_TASK ITEM_.
Repeat the data below exactly, dropping any pictures it holds.

_DATA BELOW_.
>>>>>

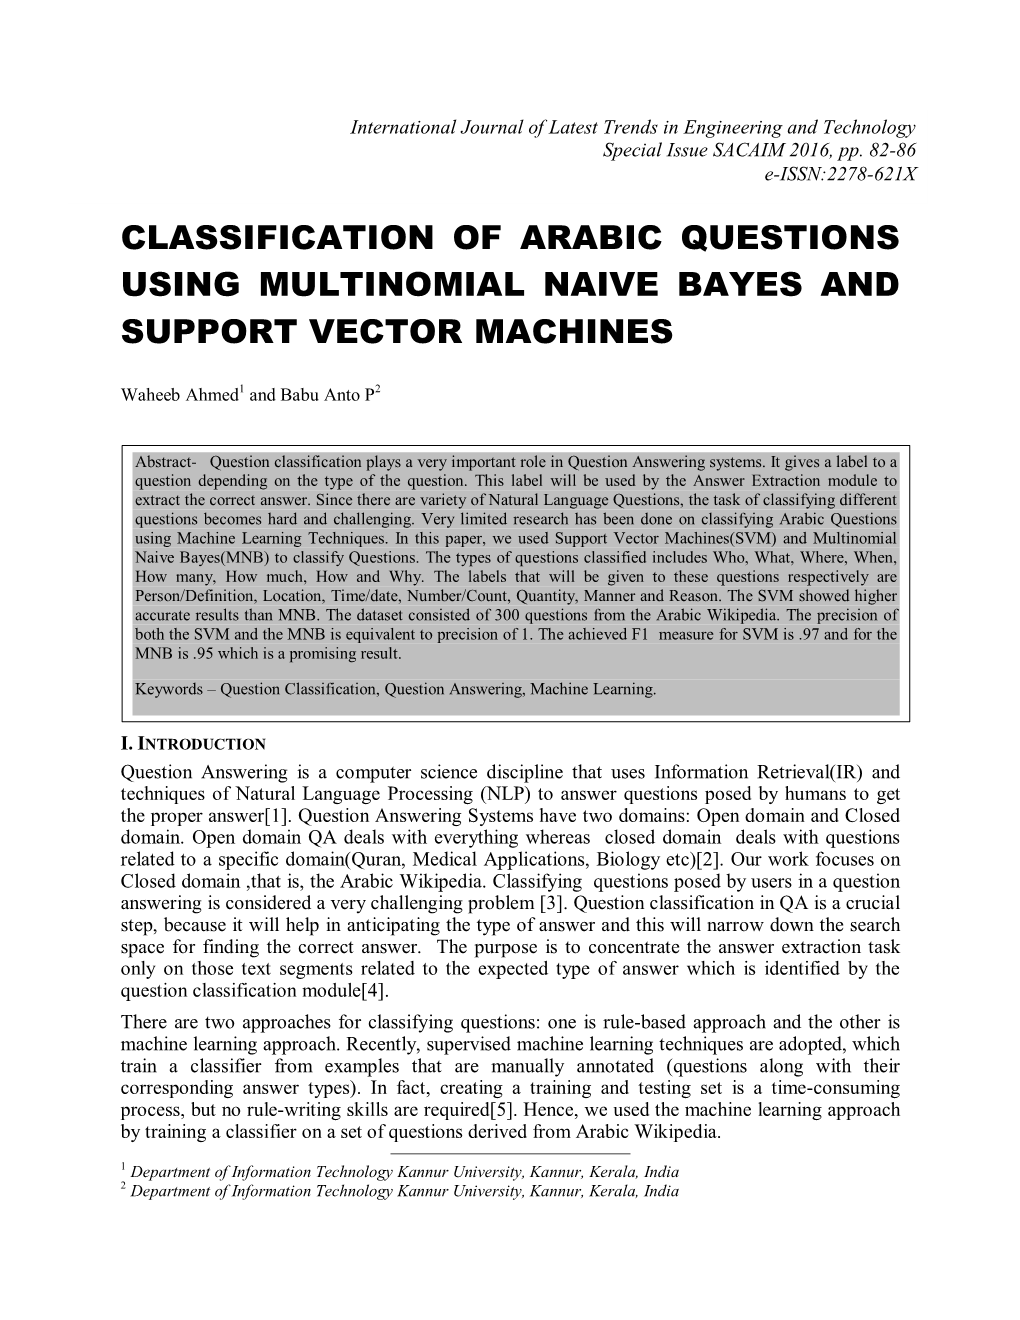 Classification of Arabic Questions Using Multinomial Naive Bayes and Support Vector Machines
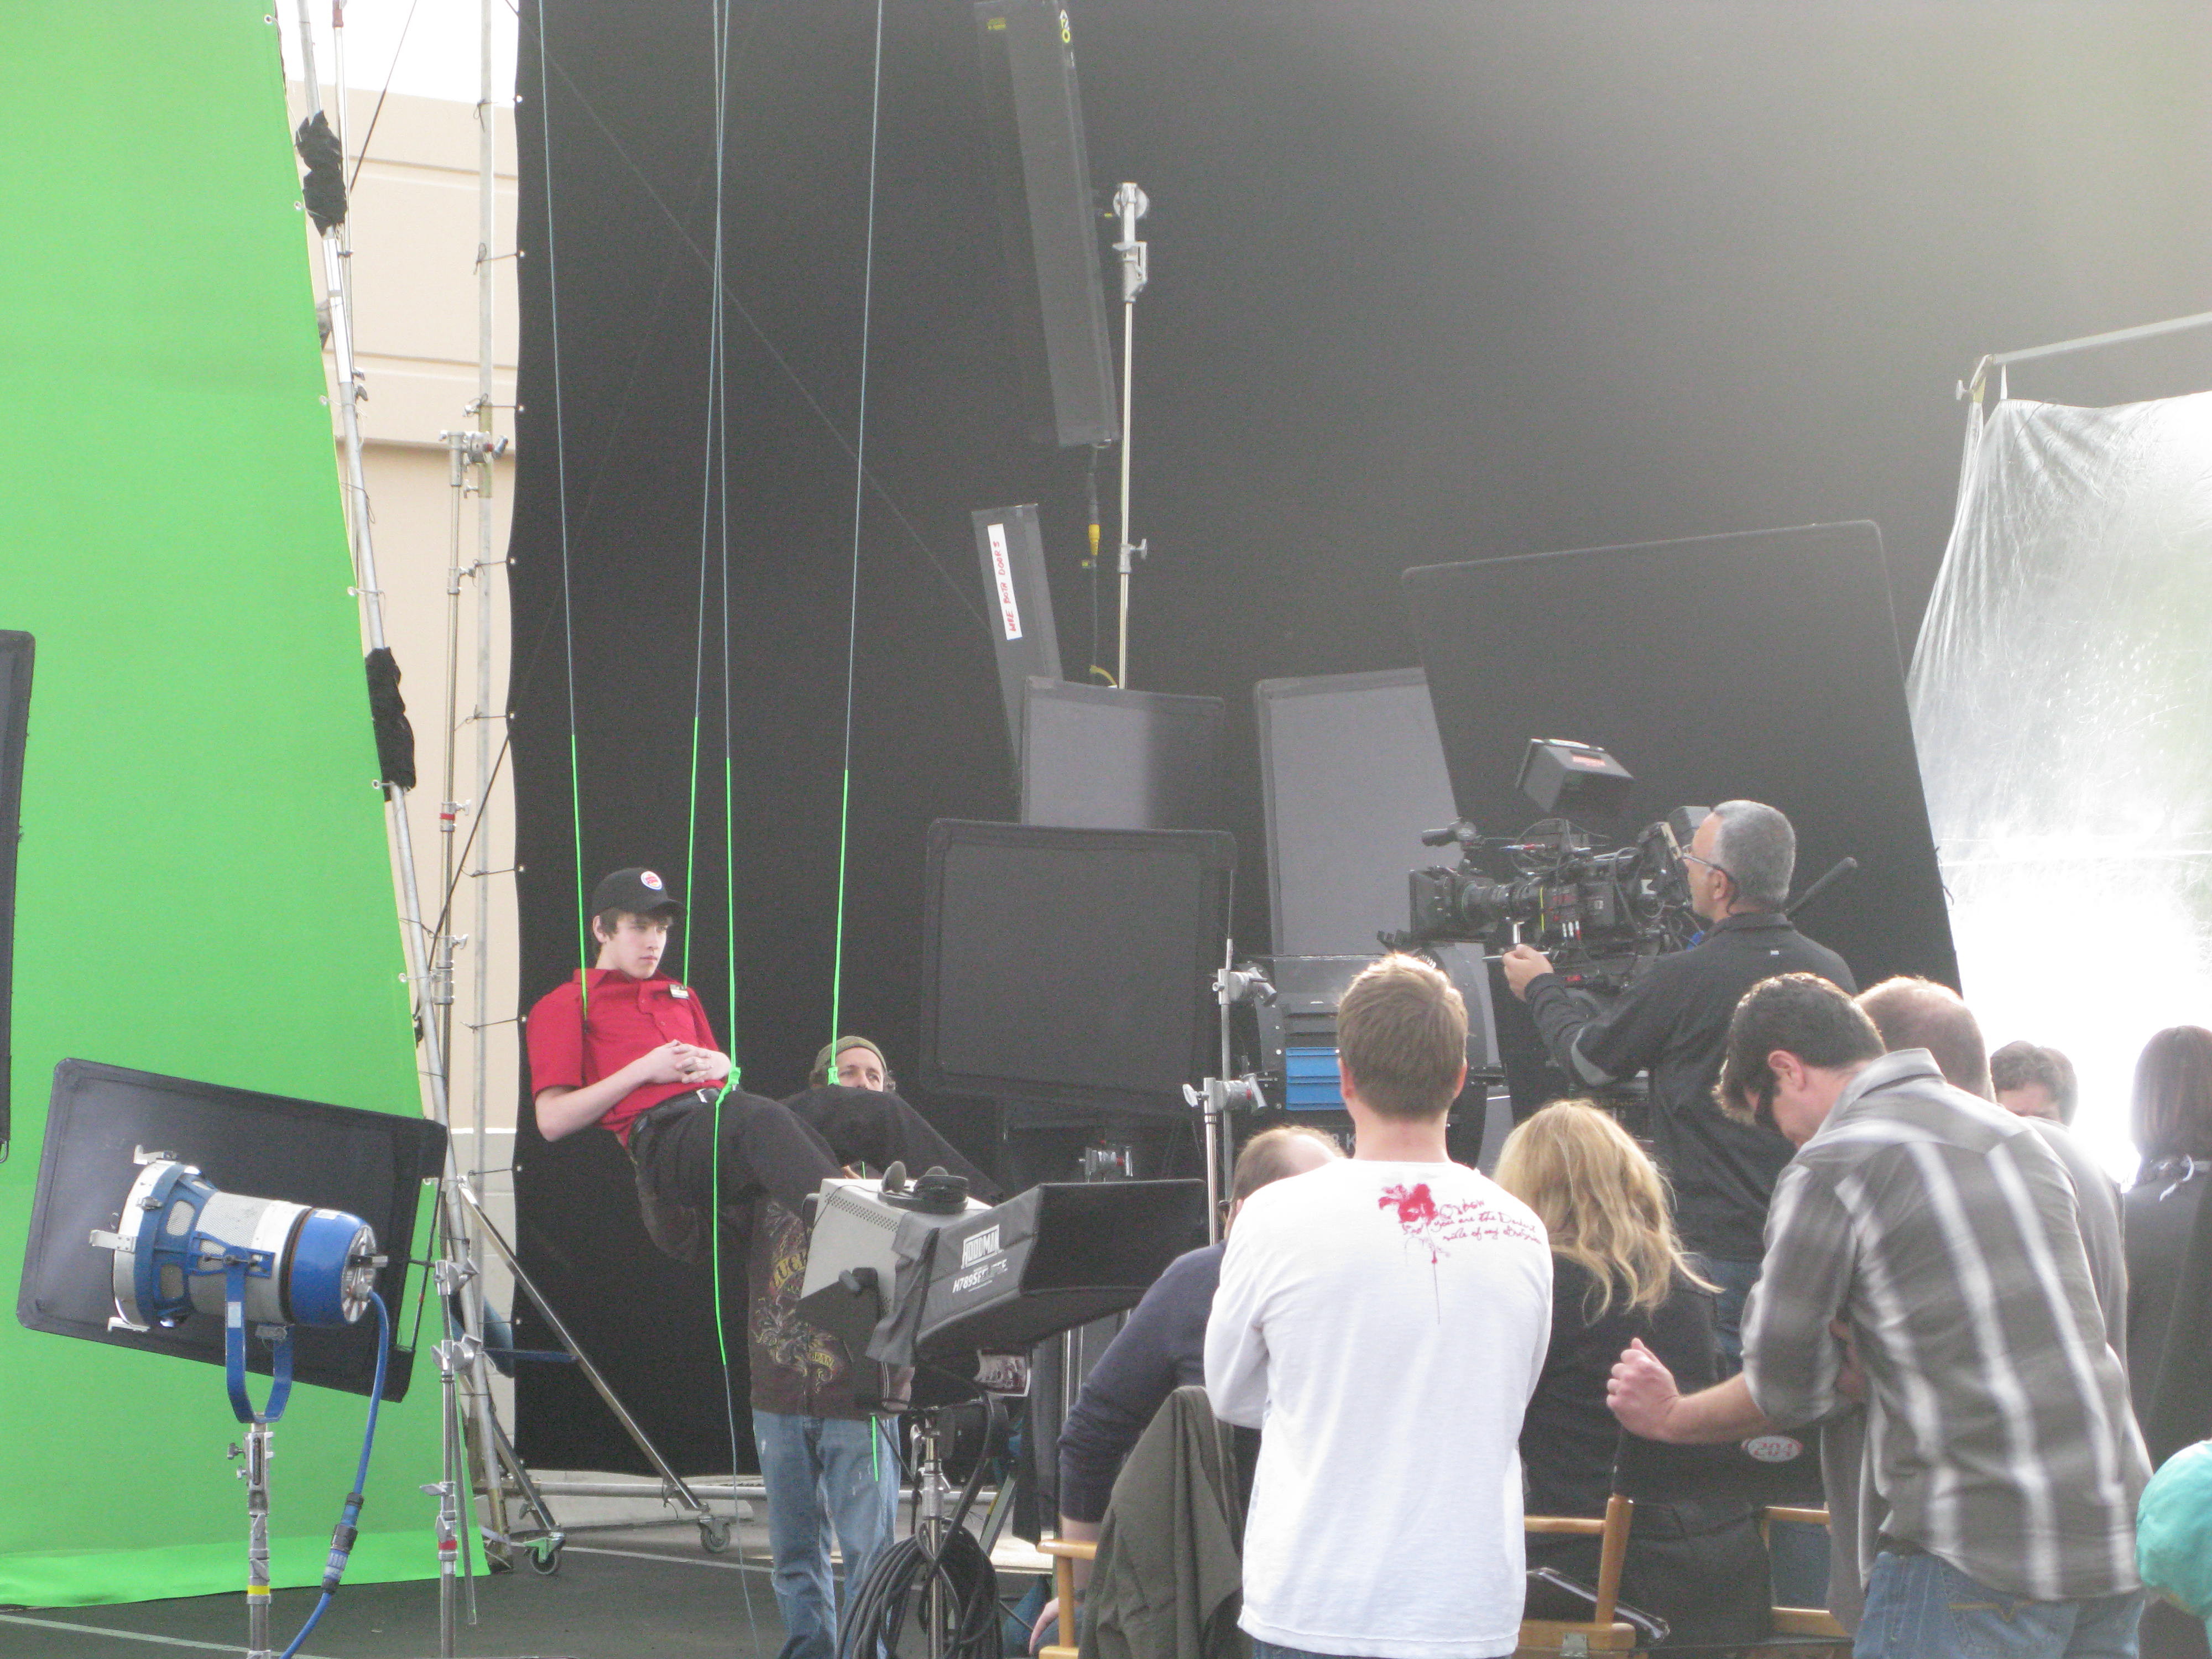 Shooting in front of the green screen.
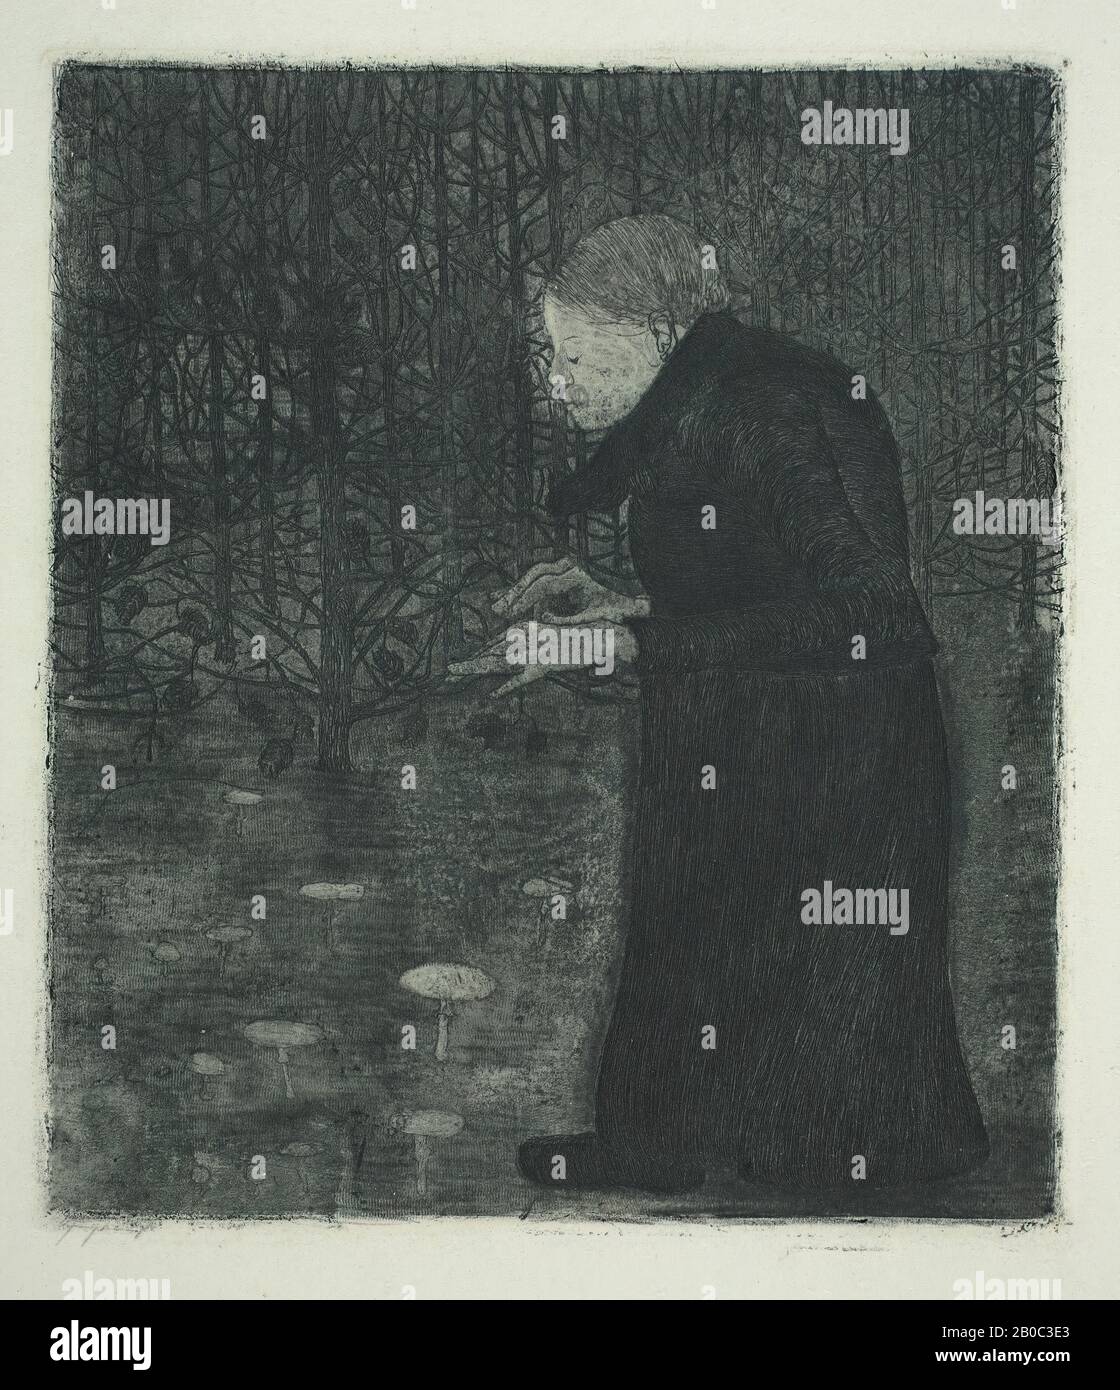 Paula Modersohn-Becker, Blind Woman in the Forest (Blinde Frau im Walde), n.d., etching with aquatint on paper, 17 11/16 in. x 12 1/2 in. (44.93 cm x 31.75 cm Stock Photo

<<<<<

_RESULT_.
 Classification of Arabic Questions Using Multinomial Naive Bayes and Support Vector Machines
 Shooting in front of the green screen.
 Paula Modersohn-Becker, Blind Woman in the Forest (Blinde Frau im Walde), n.d., etching with aquatint on paper, 17 11/16 in. x 12 1/2 in. (44.93 cm x 31.75 cm Stock Photo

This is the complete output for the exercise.